— Required work —
In the listing below, locate the line containing "Fall in love." and copy it and every line after it through the end, exactly as written, leaving out any pictures.

— Information provided —
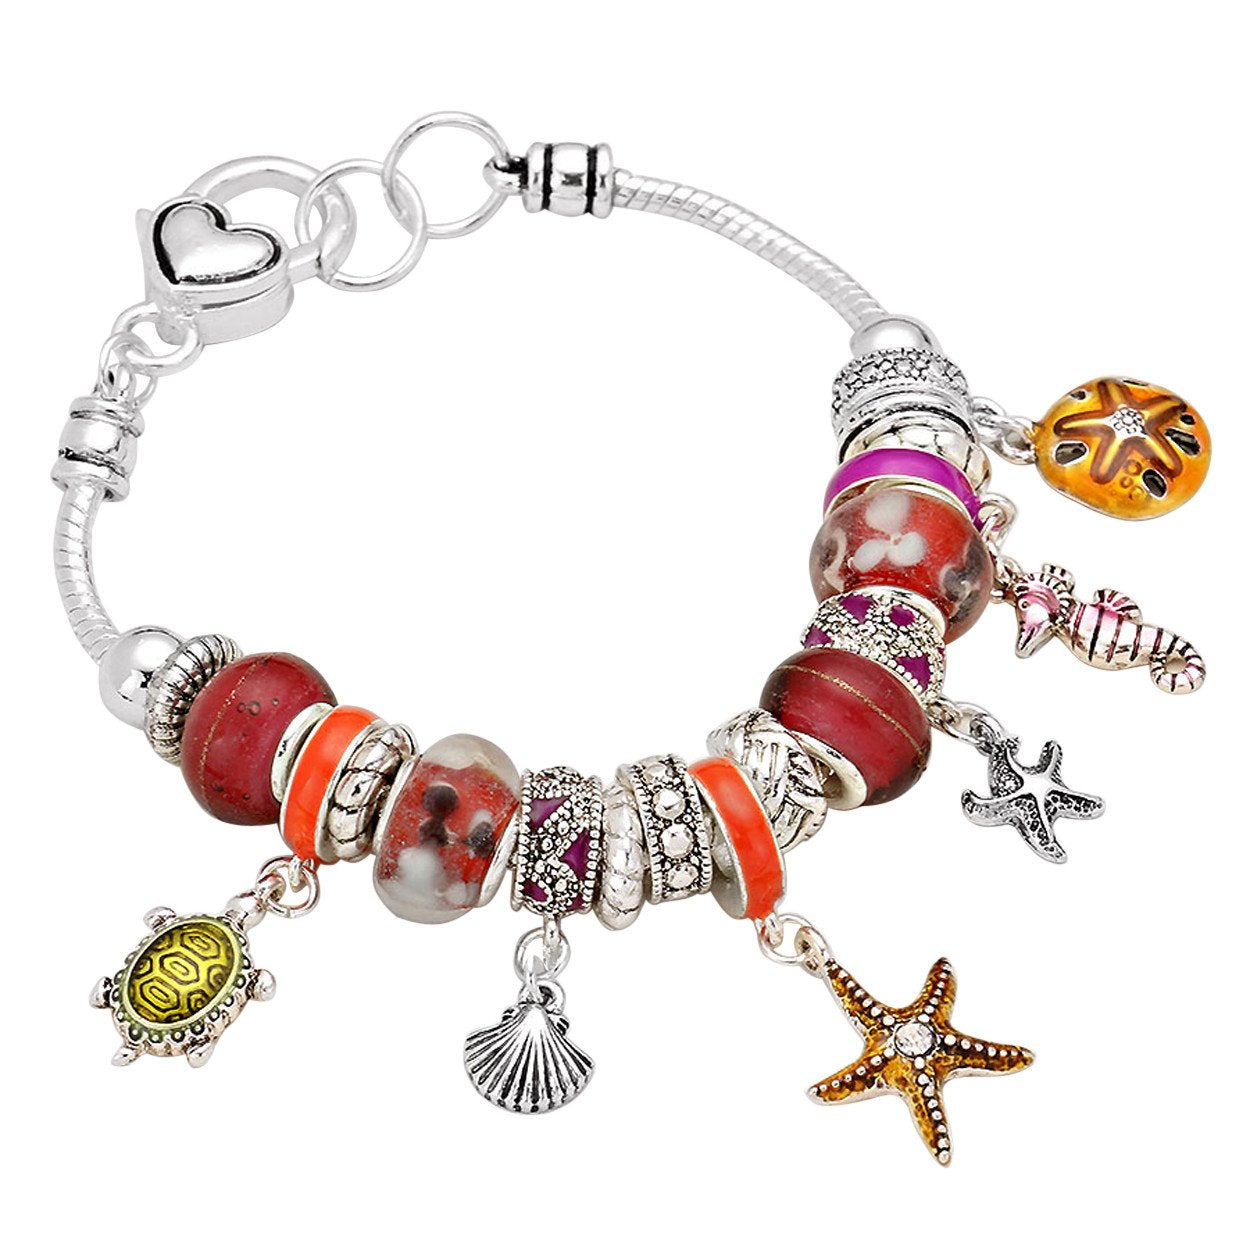 best combo  Last day to order pandora style charm bracelet is today   Link in bio          charms pandora cute jewelry  Instagram
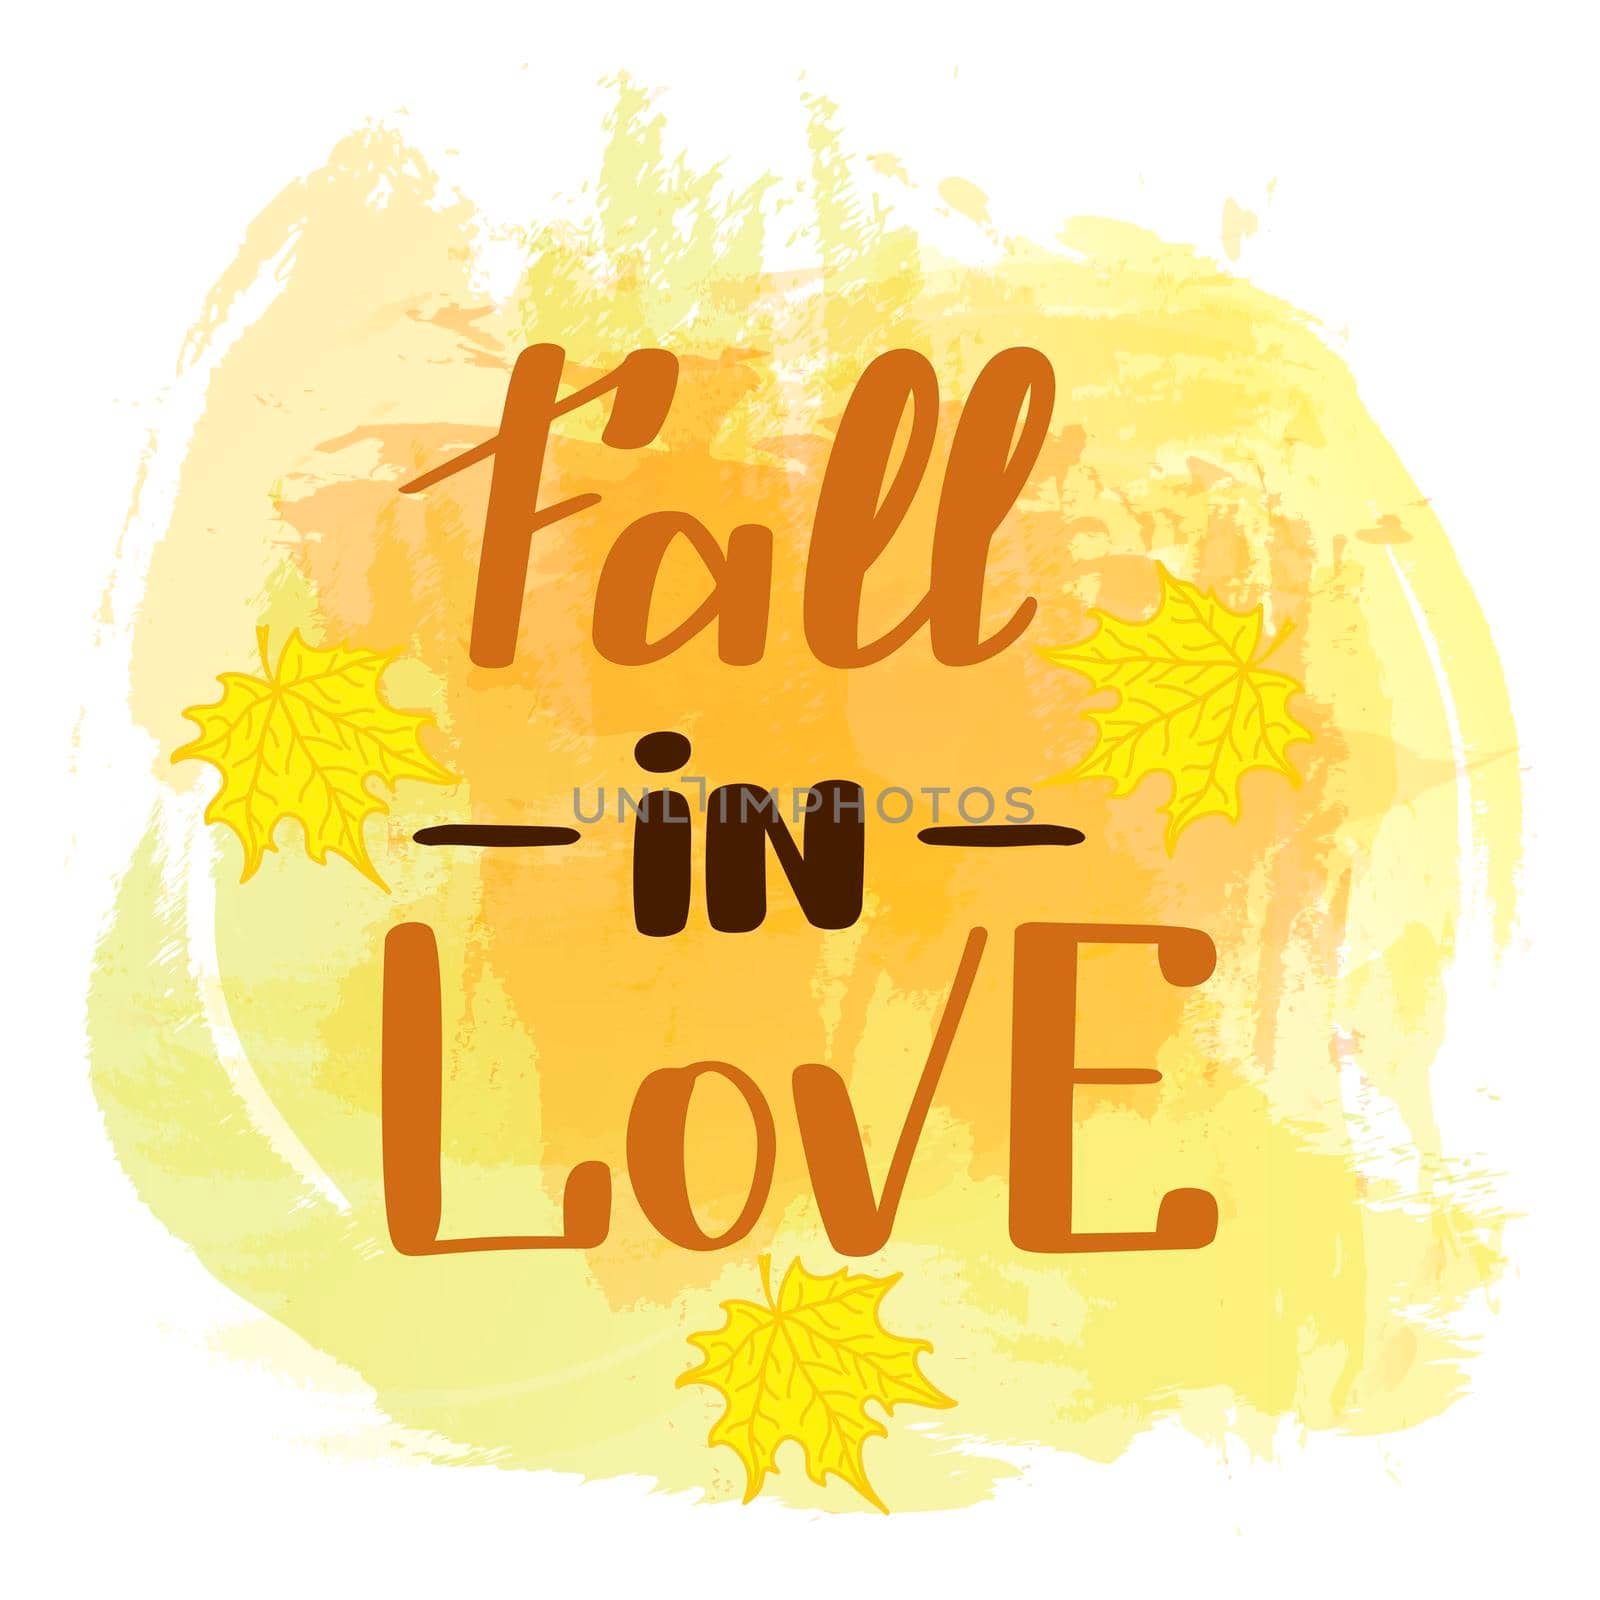 Fall in love. Handwritten lettering on watercolor background. illustration for posters, cards and much more.
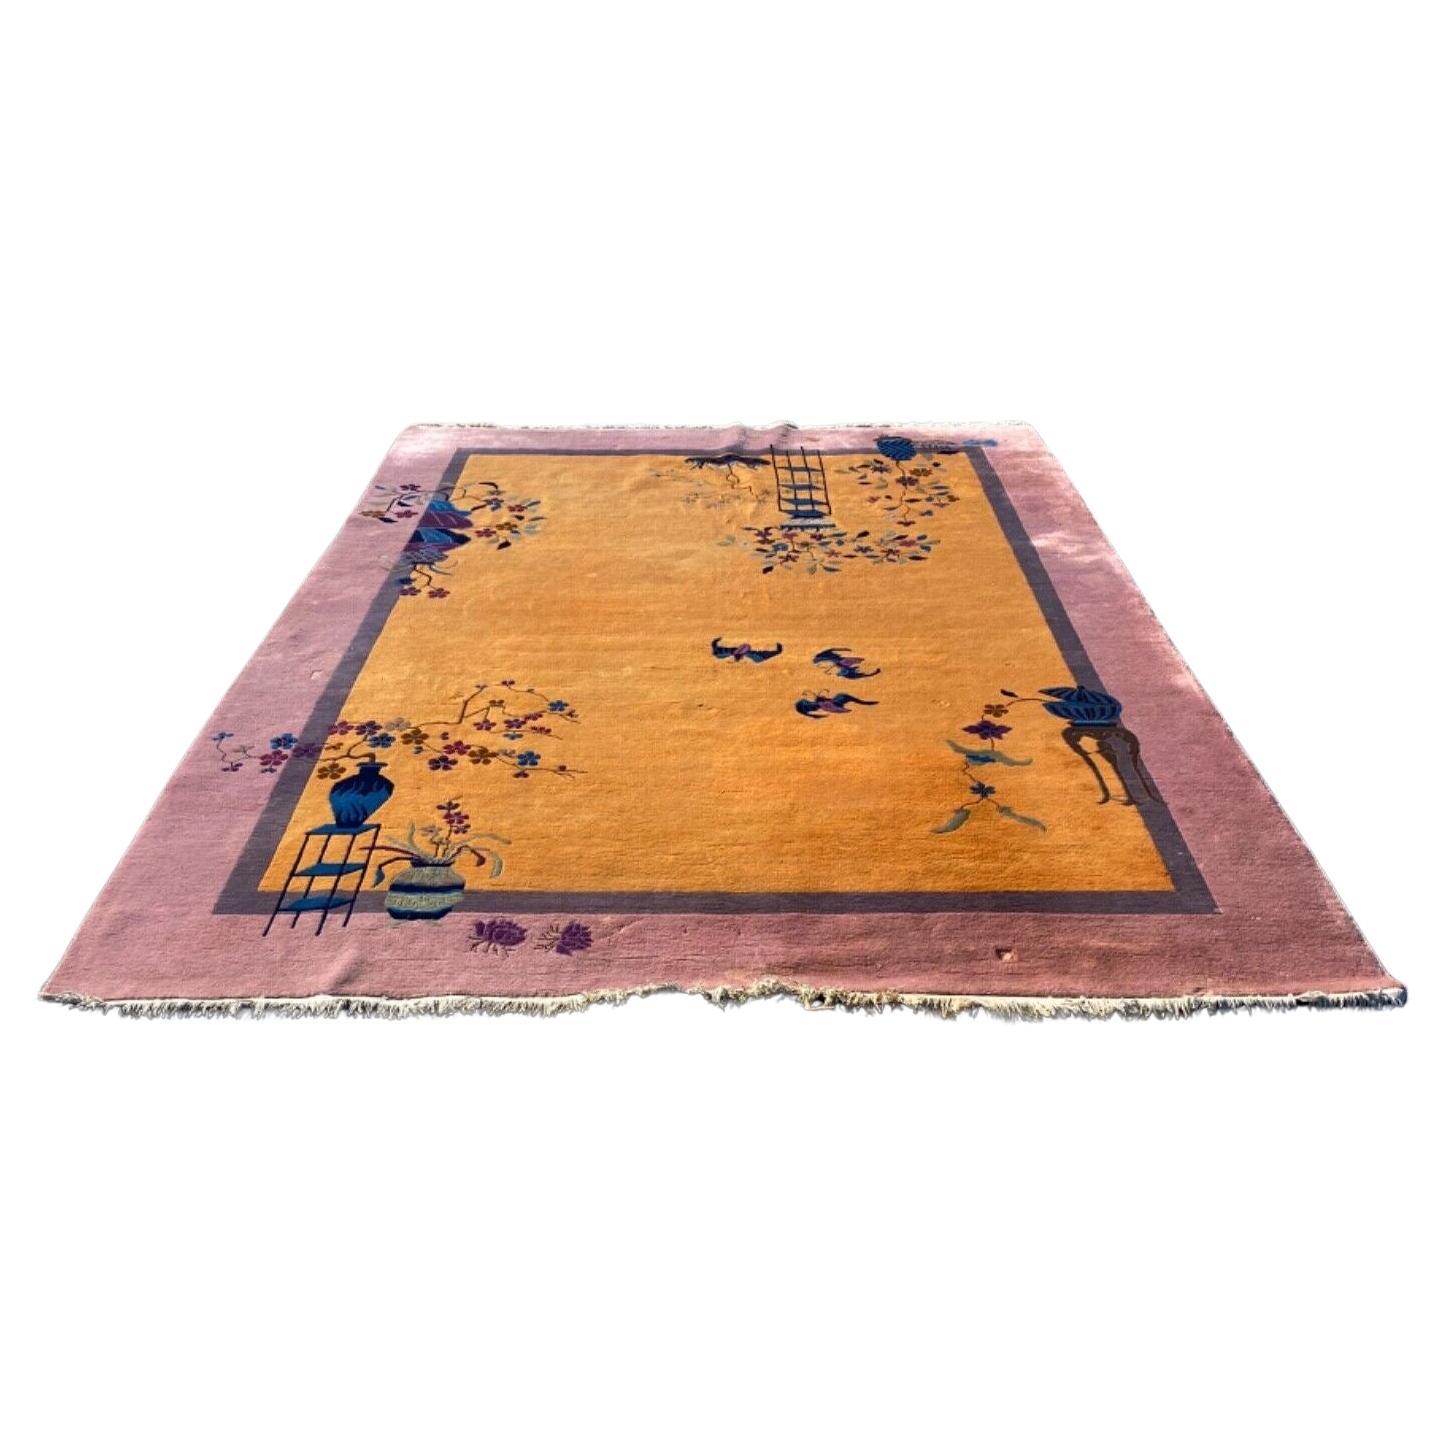 Antique Chinese Art Deco Rug, attributed to Walter Nichols. This hand-knotted, wool, room-sized rug features a color-blocked field and border in Mustard, Plum and Lavender. Detailed sprays of florals, lotuses, peonies, chrysanthemums, and plum

— Reply to the task —
 Fall in love. Handwritten lettering on watercolor background. illustration for posters, cards and much more.
 Antique Chinese Art Deco Rug, attributed to Walter Nichols. This hand-knotted, wool, room-sized rug features a color-blocked field and border in Mustard, Plum and Lavender. Detailed sprays of florals, lotuses, peonies, chrysanthemums, and plum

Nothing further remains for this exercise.